Hasil kajian tersebut akhirnya ditindaklanjuti dengan penyusunan tim perintis Politeknik oleh Bupati Banyuwangi melalui Surat Keputusan No. 188/223/Kep/429.012/2006 tentang Tim perintis dan Surat Keputusan No. 188/224/Kep/429.012/2006 tentang Tim Teknis Pendirian Politeknik pemerintah Kabupaten Banyuwangi. Namun demikian rencana ini akhirnya terhenti karena adanya himbauan dari Ditjen Dikti bahwa perguruan tinggi swasta tidak diperkenankan untuk membuka program baru dan tidak diperkenankan pendirian Perguruan Tinggi baru.

Surat Edaran Dikti No 2439/D/T/2001 tentang pembukaan program studi baru dan pendirian perguruan tinggi baru menjadi argumentasi sehingga akhirnya harapan dan rencana pendirian Politeknik Pemda Banyuwangi menjadi agak surut dalam melangkah. Tim perintis dan tim teknis pun kurang berjalan sesuai rencana.

Namun demikan upaya tetap terus dilakukan. Pada hari Selasa, tanggal 8 mei 2007, BAPPEDA Kabupaten Banyuwangi mengumpulkan tim perintis untuk melakukan pertemuan evaluasi pendirian politeknik Pemda Banyuwangi. Hasil pertemuan tersebut menyepakati untuk meneruskan upaya dan mencari terobosan, antara lain dengan rencana study banding ke Poltek Pemkot Kediri untuk kemudian merevisi proposal pendirian Politeknik Pemda Banyuwangi, penyempurnaan MOU, surat kesanggupan Bupati dan DPRD Banyuwangi.

Upaya selanjutnya, Tim Pemerintah Kabupaten Banyuwangi melakukan konsultasi ke Direktorat Jenderal Pendidikan Tinggi Jakarta pada tanggal 27 Juni 2007. Hasil dari konsultasi tersebut adalah untuk saat ini pendirian Perguruan Tinggi baru sudah tidak diperkenankan, sampai menunggu kebijakan baru dari Dirjen Dikti. Adapun yang masih diperbolehkan adalah peningkatan status atau pengembangan dari Akademi ke Politeknik, dari Politeknik ke Sekolah Tinggi dan dari Sekolah Tinggi ke Universitas.
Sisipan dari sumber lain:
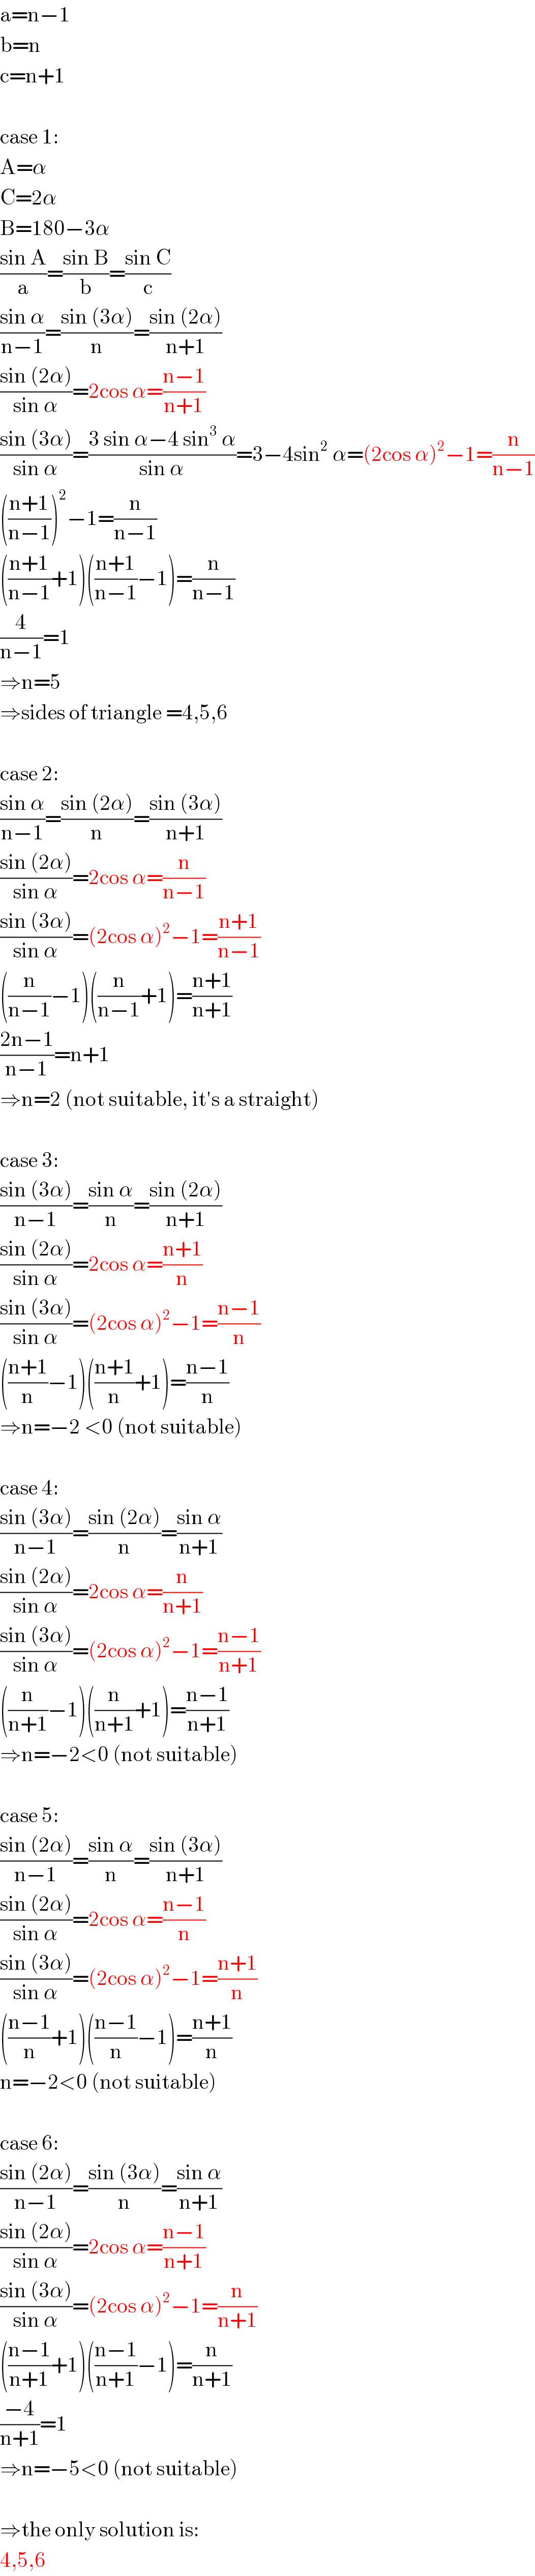 a=n−1  b=n  c=n+1    case 1:  A=α  C=2α  B=180−3α  ((sin A)/a)=((sin B)/b)=((sin C)/c)  ((sin α)/(n−1))=((sin (3α))/n)=((sin (2α))/(n+1))  ((sin (2α))/(sin α))=2cos α=((n−1)/(n+1))  ((sin (3α))/(sin α))=((3 sin α−4 sin^3  α)/(sin α))=3−4sin^2  α=(2cos α)^2 −1=(n/(n−1))  (((n+1)/(n−1)))^2 −1=(n/(n−1))  (((n+1)/(n−1))+1)(((n+1)/(n−1))−1)=(n/(n−1))  (4/(n−1))=1  ⇒n=5  ⇒sides of triangle =4,5,6    case 2:  ((sin α)/(n−1))=((sin (2α))/n)=((sin (3α))/(n+1))  ((sin (2α))/(sin α))=2cos α=(n/(n−1))  ((sin (3α))/(sin α))=(2cos α)^2 −1=((n+1)/(n−1))  ((n/(n−1))−1)((n/(n−1))+1)=((n+1)/(n+1))  ((2n−1)/(n−1))=n+1  ⇒n=2 (not suitable, it′s a straight)    case 3:  ((sin (3α))/(n−1))=((sin α)/n)=((sin (2α))/(n+1))  ((sin (2α))/(sin α))=2cos α=((n+1)/n)  ((sin (3α))/(sin α))=(2cos α)^2 −1=((n−1)/n)  (((n+1)/n)−1)(((n+1)/n)+1)=((n−1)/n)  ⇒n=−2 <0 (not suitable)    case 4:  ((sin (3α))/(n−1))=((sin (2α))/n)=((sin α)/(n+1))  ((sin (2α))/(sin α))=2cos α=(n/(n+1))  ((sin (3α))/(sin α))=(2cos α)^2 −1=((n−1)/(n+1))  ((n/(n+1))−1)((n/(n+1))+1)=((n−1)/(n+1))  ⇒n=−2<0 (not suitable)    case 5:  ((sin (2α))/(n−1))=((sin α)/n)=((sin (3α))/(n+1))  ((sin (2α))/(sin α))=2cos α=((n−1)/n)  ((sin (3α))/(sin α))=(2cos α)^2 −1=((n+1)/n)  (((n−1)/n)+1)(((n−1)/n)−1)=((n+1)/n)  n=−2<0 (not suitable)    case 6:  ((sin (2α))/(n−1))=((sin (3α))/n)=((sin α)/(n+1))  ((sin (2α))/(sin α))=2cos α=((n−1)/(n+1))  ((sin (3α))/(sin α))=(2cos α)^2 −1=(n/(n+1))  (((n−1)/(n+1))+1)(((n−1)/(n+1))−1)=(n/(n+1))  ((−4)/(n+1))=1  ⇒n=−5<0 (not suitable)    ⇒the only solution is:  4,5,6

Hasil konsultasi ini memberikan secercah harapan, walaupun pendirian Politeknik masih mengalami hambatan oleh karena aturan Dikti. Tim perintis Pemerintah Kabupaten Banyuwangi terus melakukan konsolidasi untuk mewujudkan berdirinya sebuah Politeknik di Kabupaten Banyuwangi. Pemda Banyuwangi melakukan koordinasi dan konsultasi ke Direktorat Jendral Pendidikan Tinggi Jakarta untuk mewujudkan Politeknik Banyuwangi. Hasil konsultasi memberikan arahan; 1) membantu dan memberikan pencerahan alih status AKABA Banyuwangi menjadi Politeknik Banyuwangi, 2) dalam usulannya AKABA ke Politeknik Banyuwangi perlu memperhatikan potensi wilayah melalui study kelayakan, dan 3) yang mengusulkan Politeknik harus yayasan di dukung sepenuhnya oleh pemda dan DPRD melalui Peraturan Daerah (Perda).

Selanjutnya untuk memenuhi arahan Dirjen Dikti terhadap Badan Hukum Pendidikan akhirnya Pemerintah Kabupaten Banyuwangi mereformasi Yayasan Pendidikan Rempeg Jagapati menjadi Yayasan Pendidikan Pemerintah Kabupaten Banyuwangi dengan kepengurusan yang baru. Hal ini dilakukan untuk mendukung dan mempercepat proses penyusunan proposal pendirian Politeknik dengan membuka 4 (empat) jurusan yaitu : 1) Teknik mesin otomotif, 2) Teknik elektronika komunikasi, 3) teknik elektro industri, 4) Ketatalaksanaan Pelayaran Niaga dan Kepelabuhan.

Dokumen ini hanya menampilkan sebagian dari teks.